God does not play Pictionary

A few years ago two scientific experiments were launched.  The first is aimed at discovering how and when life began the other is concerned with discovering how and when life ends.

The Hadron Collider costs billions and has been built to recreate the first few fractions of a second after the big bang and the universe began.  The second has a much more limited budget but I think could yield more extraordinary results it’s called the AWARE study and it explores what happens after life ends.  What happens to us after we die?

How then does it work? The idea is to speak to those who have had near death experiences and test their claims.  Studies show that somewhere between 10 and 20% of those who reach the point of death through a cardiac arrest but are then revived back to life actually have memories beyond their moment of death.

In particular the study will investigate the claims of people who during cardiac arrest and resuscitation attempts have described how they actually were mentally conscious and in fact actually witnessed their own resuscitation attempts as they floated in an out of body experience from a vantage point outside of their own bodies, as if they were looking down on themselves from a bird’s eye view.

People describe sometimes in great detail, everything that was happening around them whilst they were technically dead.  They could describe things they should not have been able to know and couldn’t really have made up.  They might be able to say which doctor was attempting to resuscitate them male, female, young, old, black or white, or recall a unique detail such as how a doctor tripped over the edge of the bed and knocked something to the ground.  The sort of details that require an explanation and seemingly defy rational scientific answers.

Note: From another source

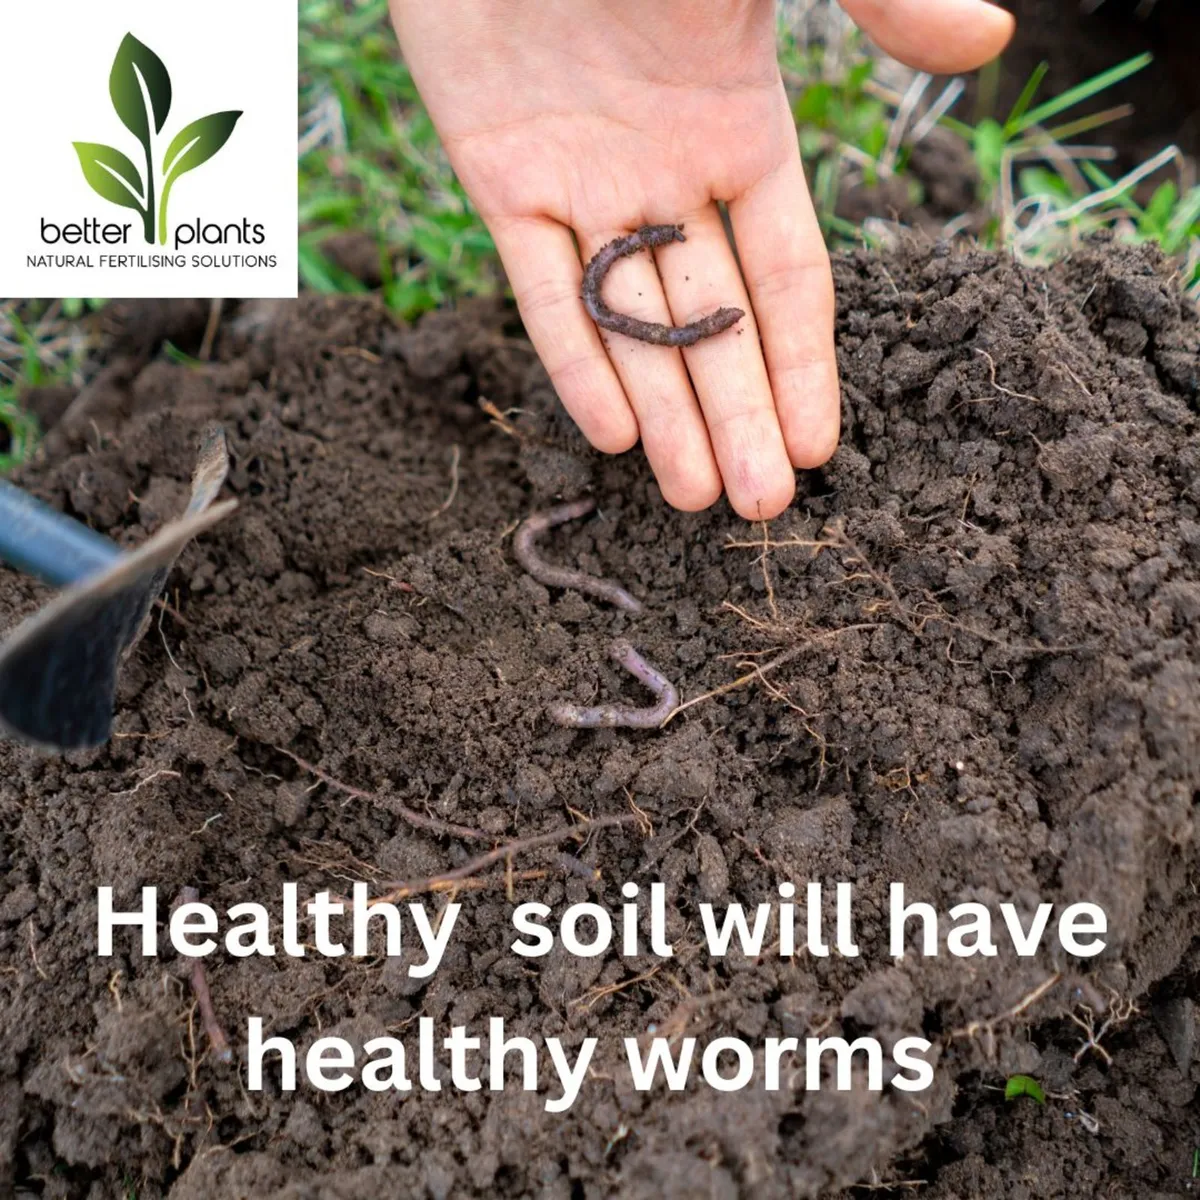 Improve soil fertility, structure & worms

So in the AWARE study scientists will place pictures on the ceilings in Hospital A&E bays that are only visible by looking down from the ceiling and no other way.  Patients of course won’t know any of this and the images will be regularly changed.

Those patients successfully revived will then be interviewed and asked to describe what they saw.  If any of them are able to describe the images accurately then scientists will have to tear up the rule books. The shame is that it will be another two years before studies are completed.

What do these two different studies tell us about ourselves?

I guess quite simply that as human beings we are curious about much more than our day to day lives.  We are keen to discover and investigate.  At one level we want a cure for cancer, we want cheaper petrol, we want our team to win the league but we have bigger questions about our origins and our destiny; who we are? Where we come from? Where we are going?

Inevitably in the midst of such philosophical discussions sooner or later God is drawn in to the conversations.  Is he real, can we know anything about him, does scientific discovery make his existence more or less likely?

I like reading stories of people’s lives and recently I have been reading a book by Anthony Flew – you may not have heard of him he was a British Philosopher who died last year and early in his career he wrote a paper entitled ‘Theology and falsification’.  It might sound a bit technical (perhaps even a bit dull) but it is actually ‘the most frequently-quoted philosophical publication of the second half of the 20th century’.

It was a paper that debunked God.  You could say he was ‘doing a Dawkins’. Flew wrote a sophisticated ‘God delusion’ and it remains a contemporary classic.  But just seven years ago he announced that he as wrong and has publically retracted his atheism and declared himself a believer in God.

This is what he writes in his book:  There is a God – how the world’s most notorious atheist changed his mind.

I now believe that the universe was brought into existence by an infinite Intelligence….why do I believe this, given that I expounded and defended atheism for more than a half century? The short answer is this: this is the world picture, as I see it, that has emerged from modern science.

Flew died last year a believer in God and it was looking to modern science that he found overwhelming reason to believe in a god. As a philosopher it was simply no longer credible to believe that this universe of law and order, of complexity and apparent design could have originated from nothing.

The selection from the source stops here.